In this video, Jay P Morgan at The Slanted Lens walks us through three ways of metering our shot when using film. Specifically, Kodak Portra 400, Fuji 400H and Portra 800.

YouTube video

Sunny 16

Many photographers still often use the Sunny 16 rule with digital. Even if it doesn’t offer a perfect exposure every time, it’s a good starting point. With film, though, it’s a pretty reliable method of getting a good exposure in bright sunlight. The method has been around for decades, and was the common go-to before cameras started having meters built in.

Essentially, you set your aperture to f/16 and your shutter speed to 1 over your ISO. So, if you’re shooting Ilford FP4+ at ISO125, you shoot 1/125th. If you’re shooting Portra 800, you shoot 1/800.

It’s an easy guideline to adapt, too, depending on the outdoor conditions in which you’re shooting.

  • f/16 in the sun
  • f/11 overcast
  • f/8 more overcast
  • f/5.6 heavy overcast
  • f/4 shade

While it will take some experience to figure out the differences between “overcast”, “more overcast” and “heavy overcast”, it’s always better to overexpose with negative film to be safe if you’re not quite sure. It’s easy to pull that highlight detail back if you need to when printing or scanning.
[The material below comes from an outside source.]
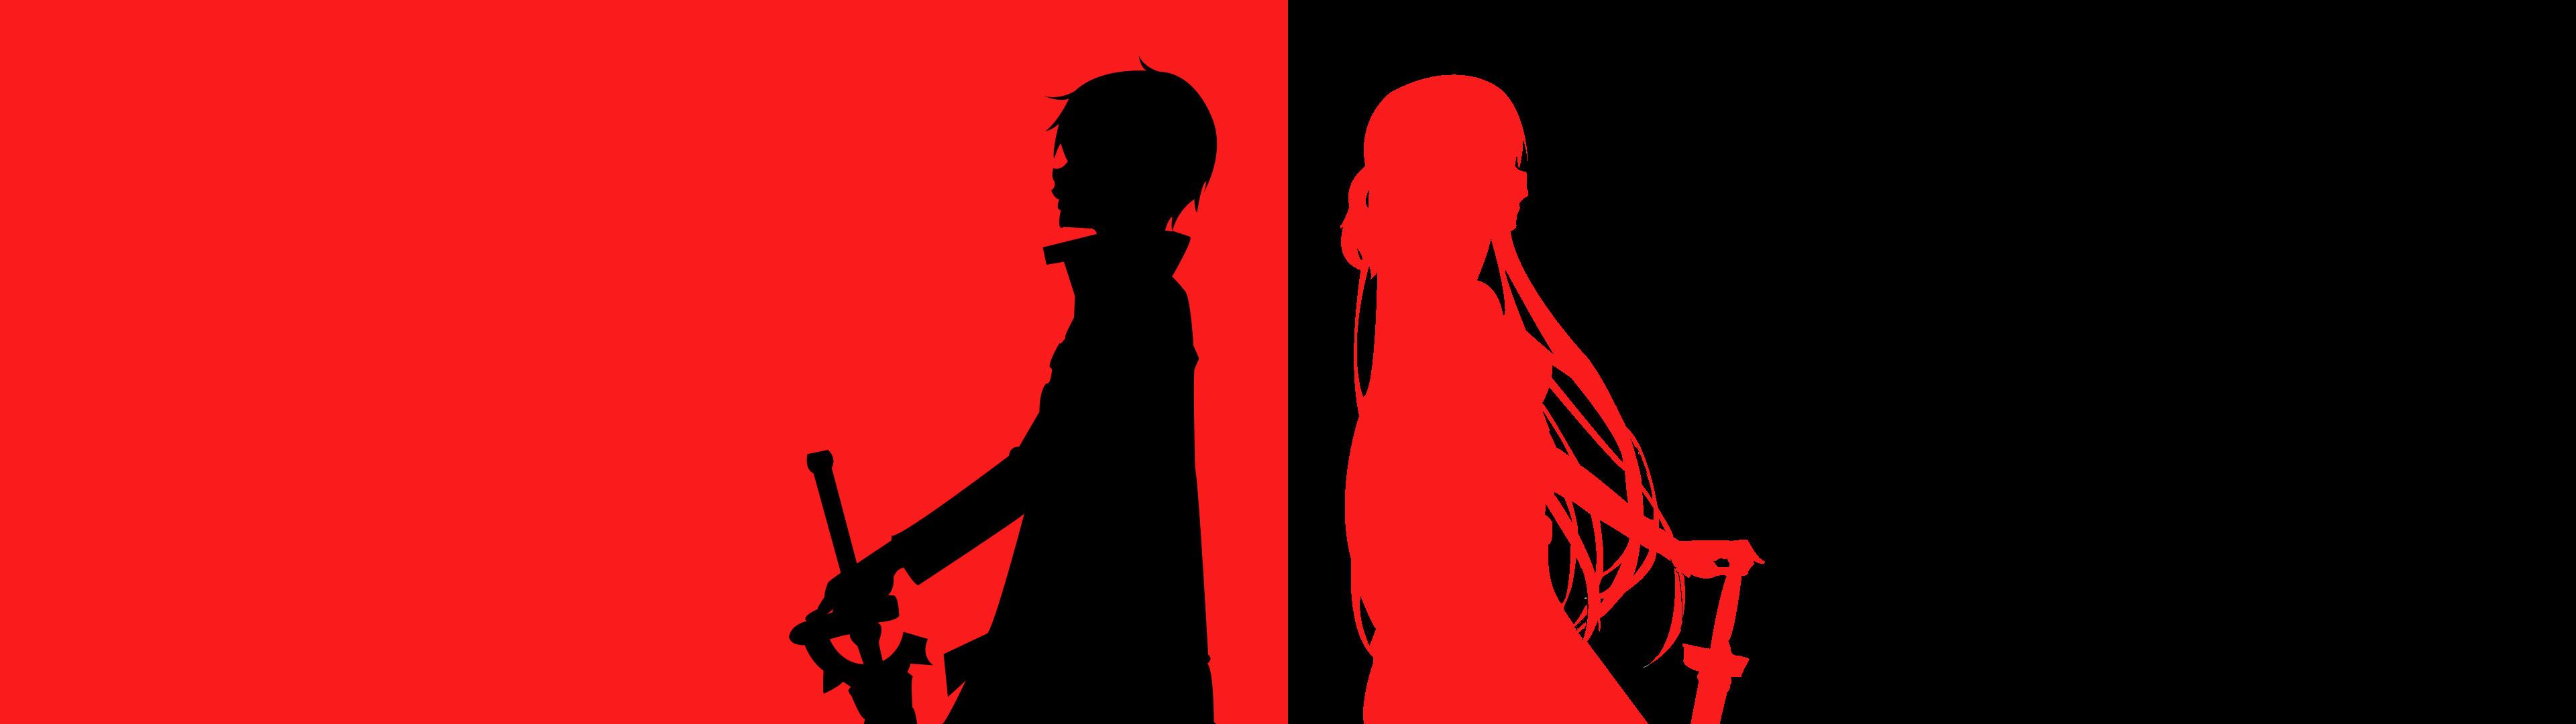 Sword Art Online Dual Monitor Wallpaper Anime Top Wallpaper

Use a DSLR or mirrorless camera

This one might sound obvious, but it’s surprising how many people don’t think of doing this. If you know your DSLR or mirrorless camera can give you a good exposure, then why not use it to determine the settings you need and then plug those into your film camera?

  1. Set your camera’s ISO to half that of your film stock (So, if you’re shooting ISO400 film, set your DSLR or mirrorless to ISO200)
  2. Set the aperture for the depth of field that you want
  3. Find the shutter speed that gives you a correct exposure and take a shot
  4. Plug that aperture & shutter speed combination into your film camera

Digital cameras do have a tendency to be a little “brighter” than film in my experience. ISO400 on a DSLR won’t necessarily give you the same exposure as ISO400 on negative film, especially when it comes to holding the shadow detail. Dropping the digital camera’s ISO down to 200 overexposes the shot by one stop when you shoot those settings on film. But overexposing negative film a stop or five isn’t really a problem.
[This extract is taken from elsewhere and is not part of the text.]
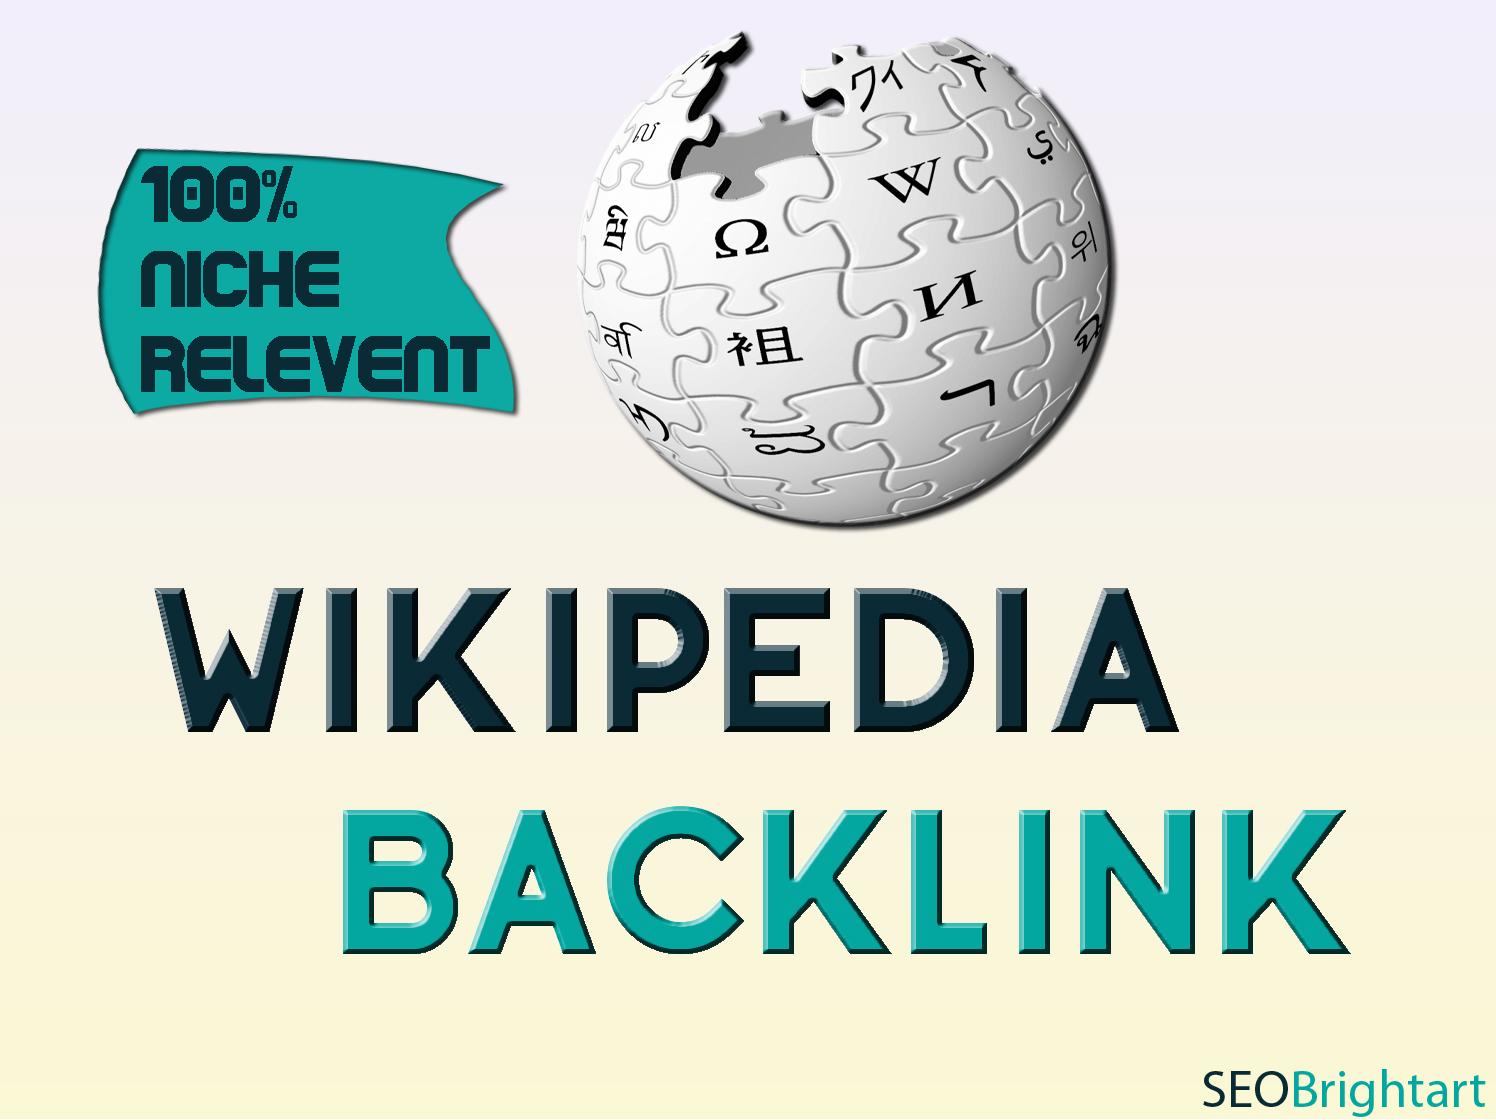 Overruling Wikipedia backlink 100 percent Niche relevant

Use a handheld incident light meter

Incident meters work differently to the reflective spot meters inside cameras. Reflective meters look at the brightness value of whatever surface they’re pointed at. Point it at a white wedding dress or snow and it will try to expose the shot to make it 18% grey, underexposing the whole shot. Point it at a black tuxedo or in a dark shadowy area and it will also try to expose it to brighten it up to 18% grey, overexposing the shot.

A handheld incident meter ignores the subject completely and simply looks at the light source itself. It determines how bright it is and what settings should offer a good exposure. And if you’re using flash, a handheld incident meter is the most reliable way to get a good exposure (although I’d still take a test shot on digital, too).

Personally, I use a Sekonic L758DR and a Sekonic L718, and I wouldn’t be without them when I’m shooting film or using flash (even with digital). But I have used all three of these methods in the past, and still use all three depending on the camera I’m using and the needs of the shoot.

What’s your most used metering method for film?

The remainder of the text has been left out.